DYNAMIC BEHAVIOUR OF THE CHEST AND OF THE ABDOMEN IN ANAESTHETIZED PIGLETS DURING RAPID INSUFFLATION

M. ARBORELIUS, JR, M.D., PH.D. and S. LINDAHL, M.D., PH.D.

Department of Clinical, Physiology, University of Lund, Malmö General Hospital S-21401 Malmö, Sweden
Department of Anaesthesia, University of Lund, University of Hospital S-221 85 Lund, Sweden

Three piglets were ventilated with a TVM-ventilator, which releases predetermined volumes of compressed gas into the airways. The inspiratory flow depends on the pressure and volume of the compressed gas and compliance, resistance and inertia of the lungs, thorax and abdomen of the subject. The time for half filling of the chest was less than that of the abdomen and the difference increased with high driving pressure (with high acceleration).

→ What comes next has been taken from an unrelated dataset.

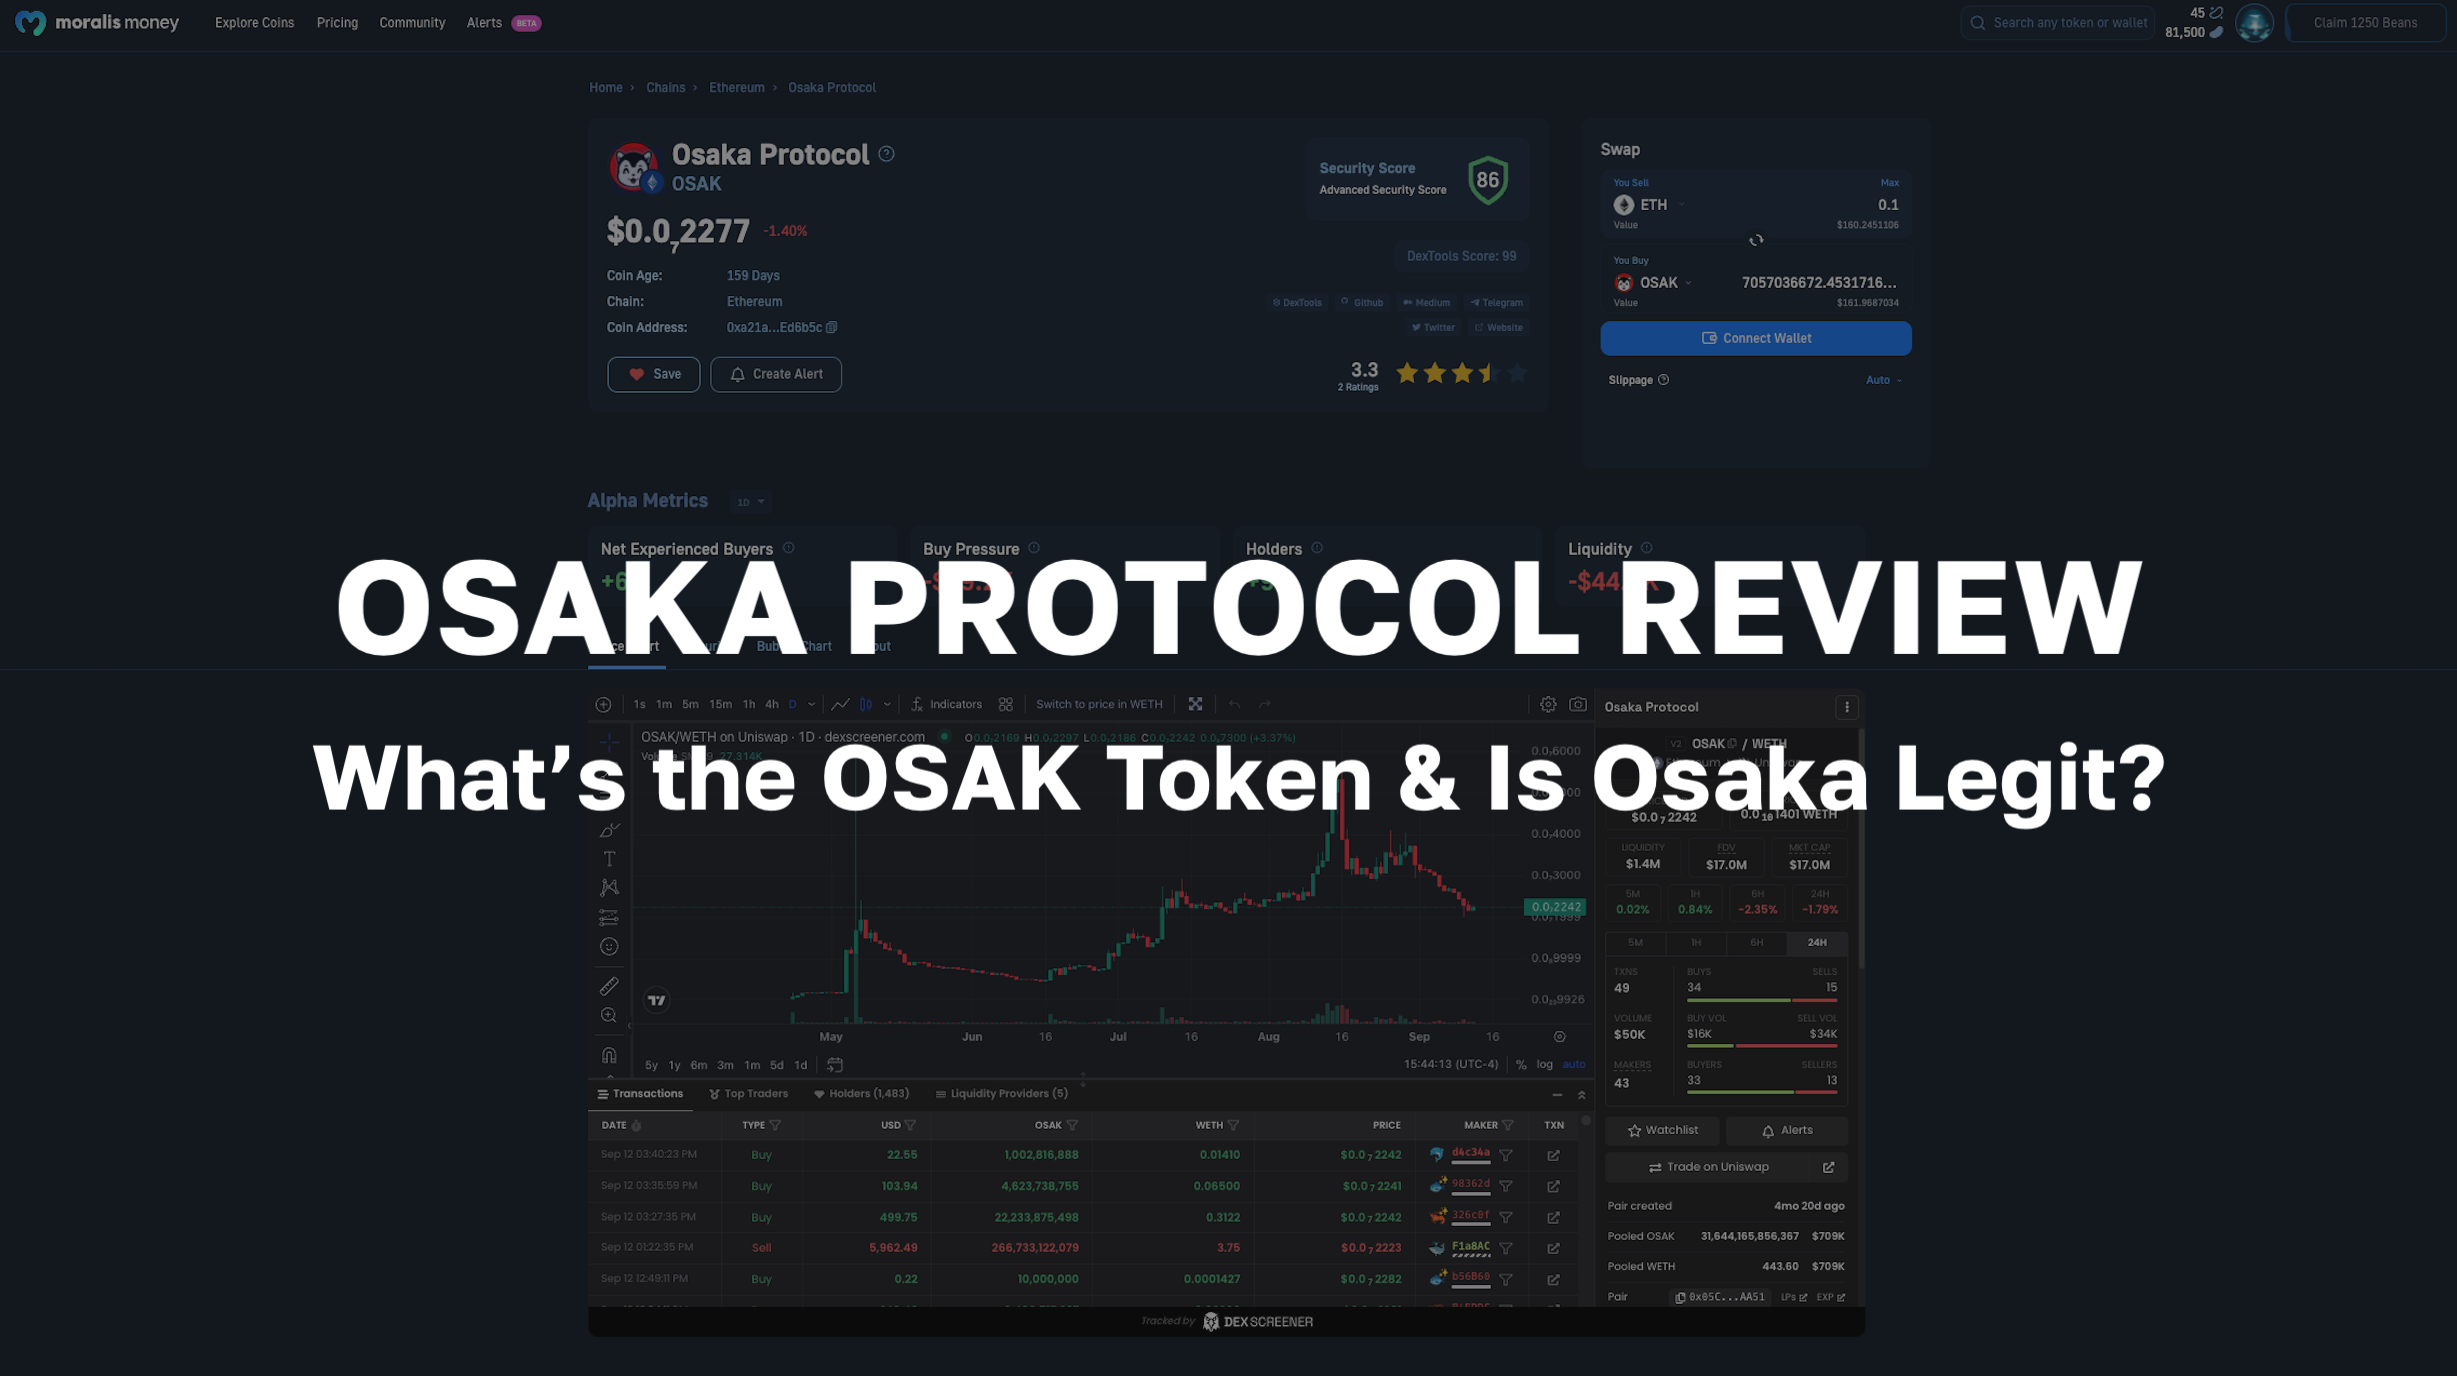 Osaka Protocol Review - What's the OSAK Token & Is Osaka Legit?

The difference was thus most probably a result of grater inertia of the abdomen. Inertia also seemed to influence the emptying of the lungs. This was so slow that increase of FRC—air trapping—was seen at a ventilatory frequency of 30 b.p.m. The practical consequences of these findings are that the abdomen (diaphragm) will take less and less part in ventilation and that a phase lag between chest and abdominal breathing should become larger with increasing ventilatory frequency. FRC will increase in regions with expiratory obstruction and lung rupture may follow.